Its start address is always set to ``$04``, because ``$00 - $01`` are used by the hardware
and ``$02 - $03`` are reserved as general purpose scratch registers.
Program Start and Entry Point
-----------------------------
Your program must have a single entry point where code execution begins.
The compiler expects a ``start`` subroutine in the ``main`` block for this,
taking no parameters and having no return value.
.. sidebar::
60hz IRQ entry point
When running the generated code on the StackVm virtual machine,
it will use the ``irq`` subroutine in the ``irq`` block for the
60hz irq routine. This is optional.
As any subroutine, it has to end with a ``return`` statement (or a ``goto`` call)::
~ main {
sub start () {
; program entrypoint code here
return
}
}
The ``main`` module is always relocated to the start of your programs
address space, and the ``start`` subroutine (the entrypoint) will be on the
first address. This will also be the address that the BASIC loader program (if generated)
calls with the SYS statement.
Variables and values
--------------------
Variables are named values that can change during the execution of the program.
When declaring a numeric variable it is possible to specify the initial value, if you don't want it to be zero.
For other data types it is required to specify that initial value it should get.
Values will usually be part of an expression or assignment statement::
12345 ; integer number
$aa43 ; hex integer number
%100101 ; binary integer number
"Hi, I am a string" ; text string
'a' ; petscii value (byte) for the letter a
-33.456e52 ; floating point number
byte counter = 42 ; variable of size 8 bits, with initial value 42
Array and Matrix (2-dimensional array) types are also supported.
Arrays can be made of bytes, words and floats. Matrixes can oly be made of bytes::
byte[4] array = [1, 2, 3, 4] ; initialize the array
byte[99] array = 255 ; initialize array with all 255's [255, 255, 255, 255, ...]

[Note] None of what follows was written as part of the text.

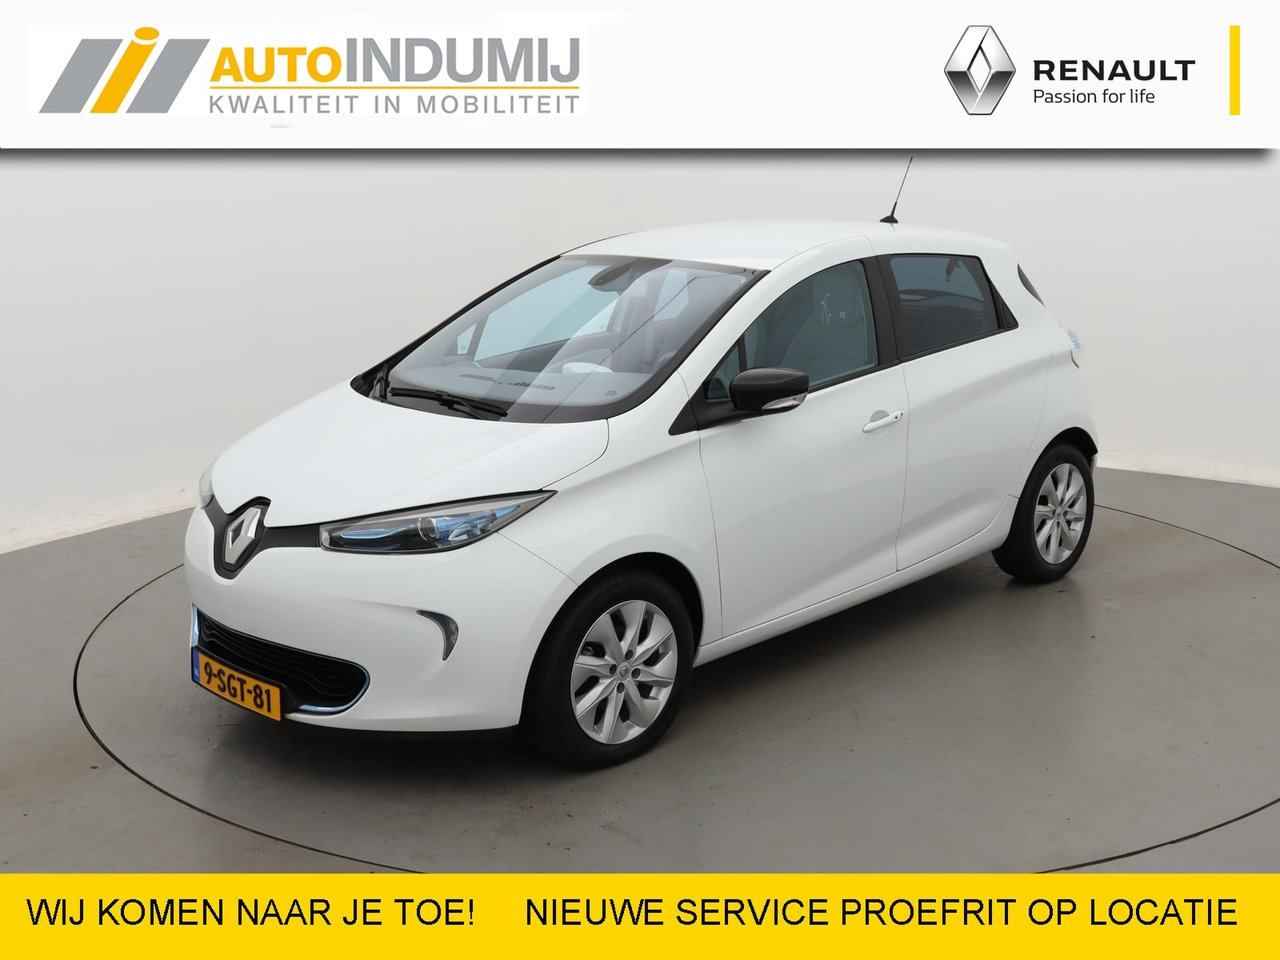 RenaultZoe - Q210 Zen Quickcharge 22 kWh (ex Accu) // Navi / Climate Control / Cruise Control / Sensore

byte[100] array = 100 to 199 ; initialize array with [100, 101, ..., 198, 199]
byte[2,3] matrix = 1 ; a matrix of 2*3=6 bytes all with value 1
byte[2,3] matrix = [1,2,3,4,5,6] ; a 2*3 matrix with value |(1,2) (3,4) (5,6)|
value = array[3] ; the fourth value in the array (index is 0-based)
value = matrix[4,2] ; the byte at the 5th column and 3rd row in the matrix
char = string[4] ; the fifth character (=byte) in the string
Note that the various keywords for the data type and variable type (``byte``, ``word``, ``const``, etc.)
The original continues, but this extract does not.